_EXERCISE_
Could you write out, exactly as they stand, only the lines in the listing below from the line with "Jay Cavaliere のプロファイルバナー" to the line with "Gesundes Obst Tee", both ends included, without the pictures?

_EXERCISE MATERIALS_
• • • •

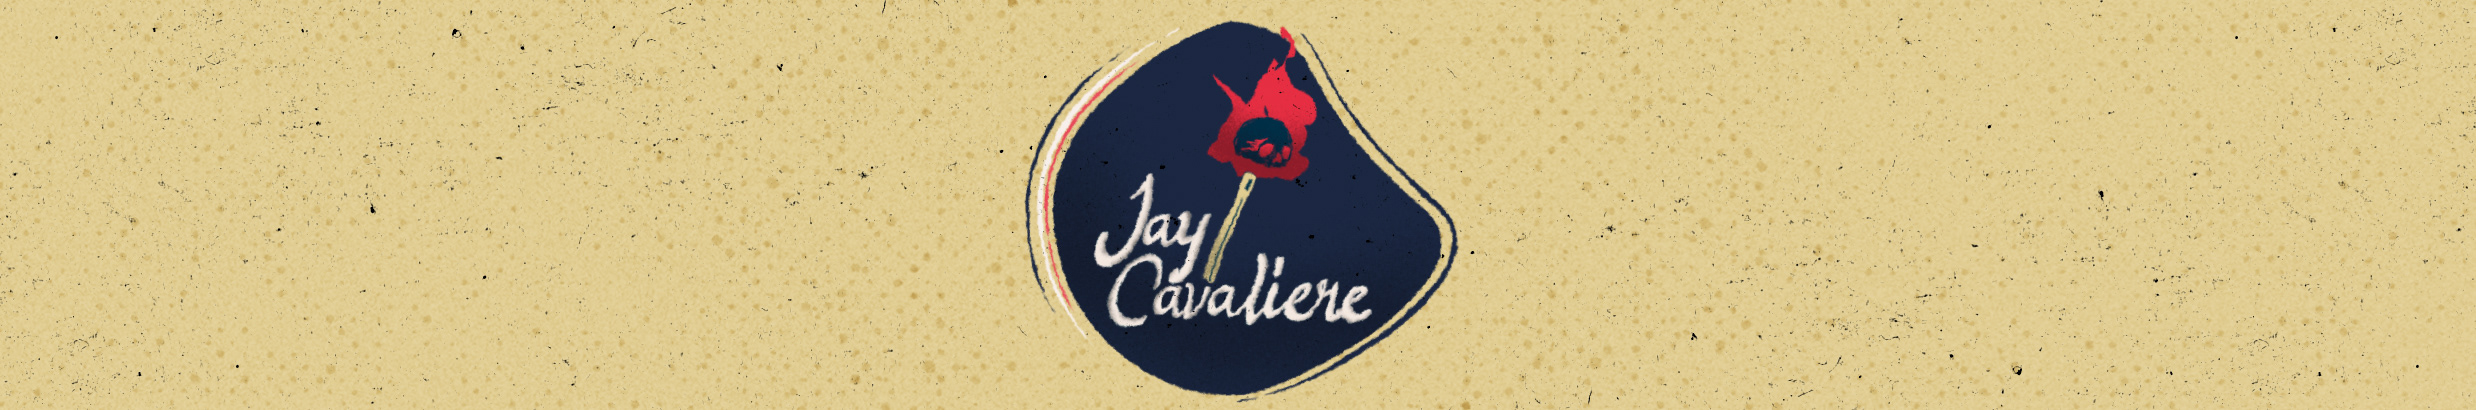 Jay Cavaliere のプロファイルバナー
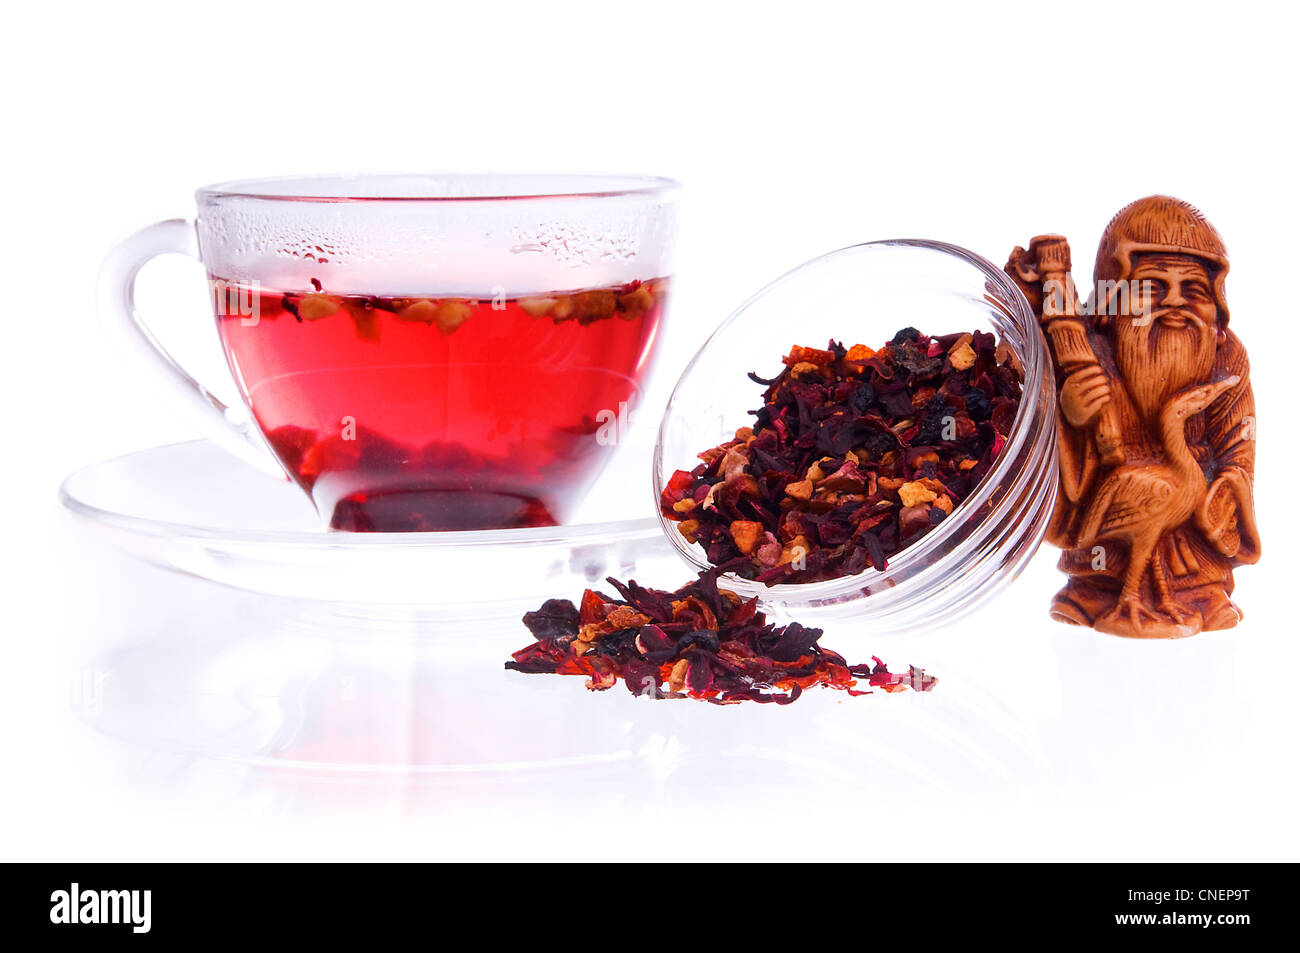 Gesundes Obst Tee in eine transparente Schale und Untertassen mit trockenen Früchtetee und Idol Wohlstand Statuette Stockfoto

• • • •

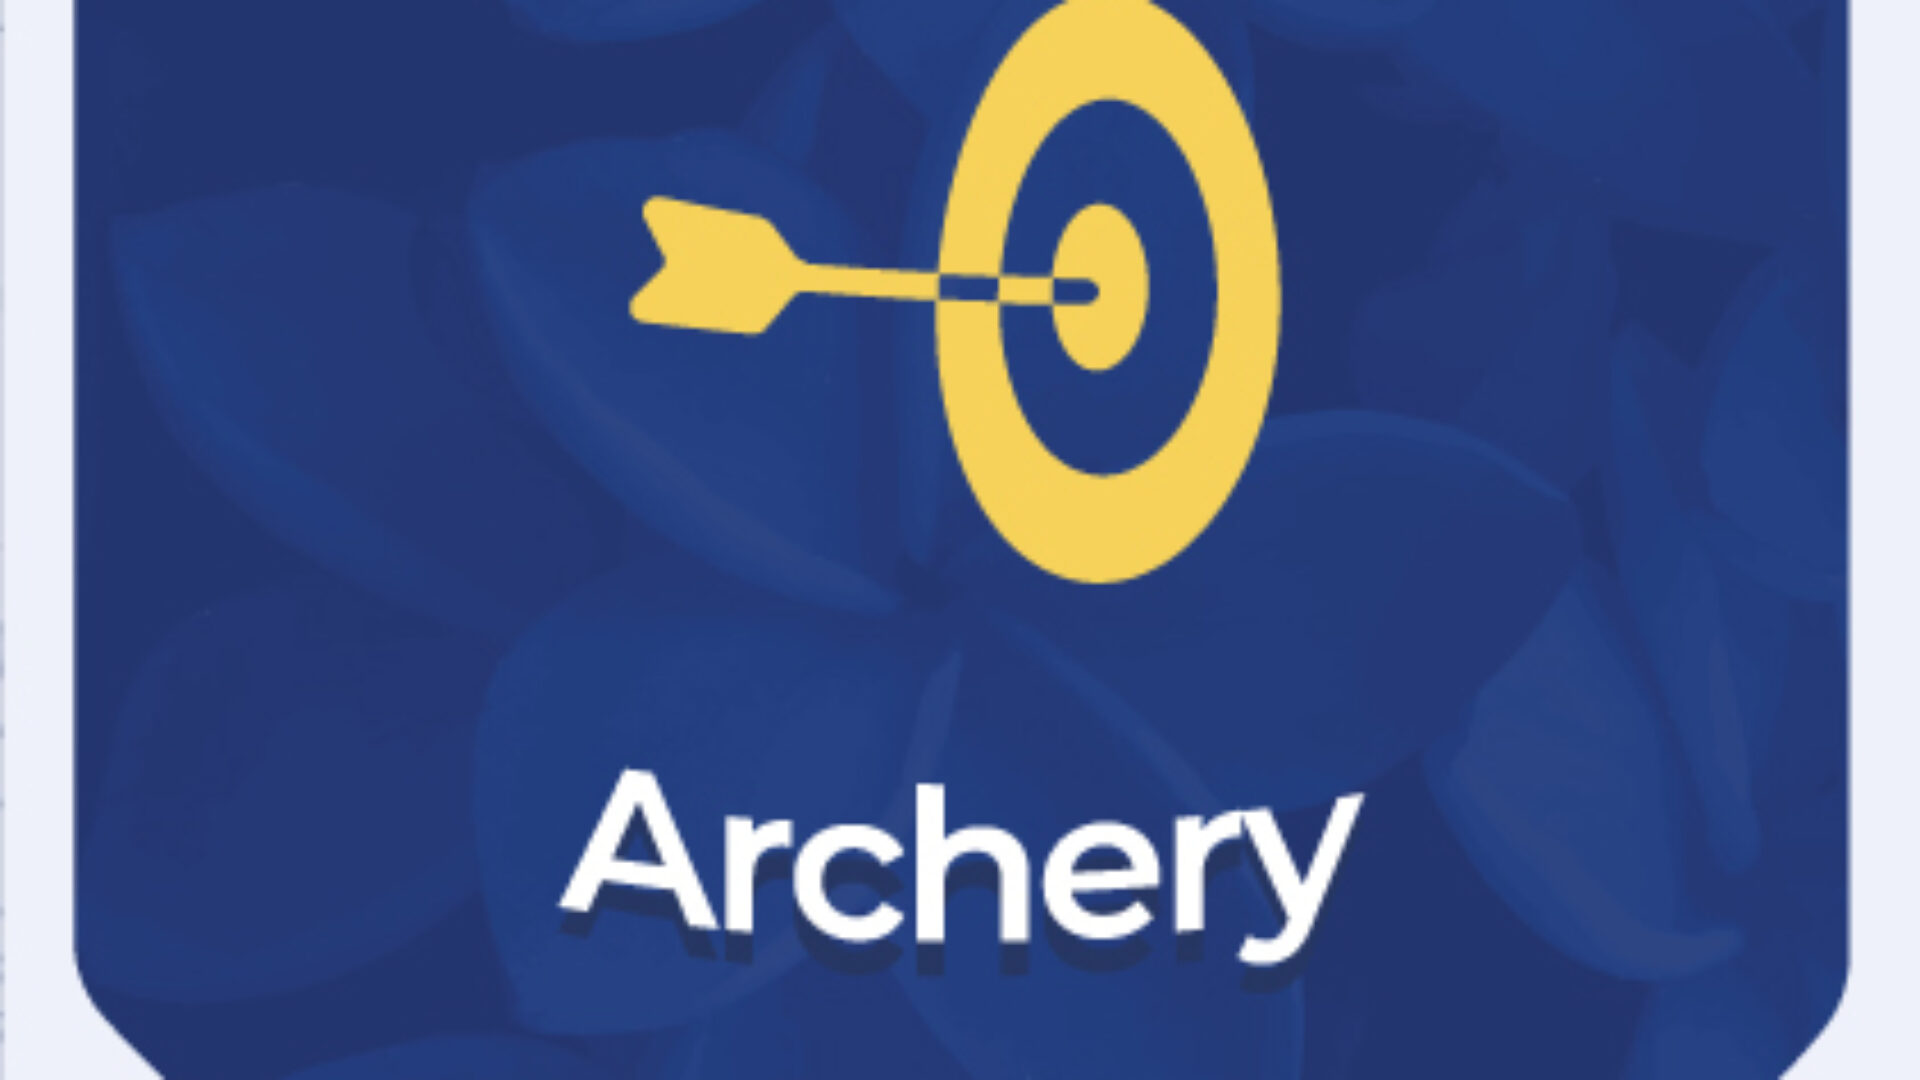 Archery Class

• • • •

_PROBLEM SOLUTION_
 Jay Cavaliere のプロファイルバナー
 Gesundes Obst Tee in eine transparente Schale und Untertassen mit trockenen Früchtetee und Idol Wohlstand Statuette Stockfoto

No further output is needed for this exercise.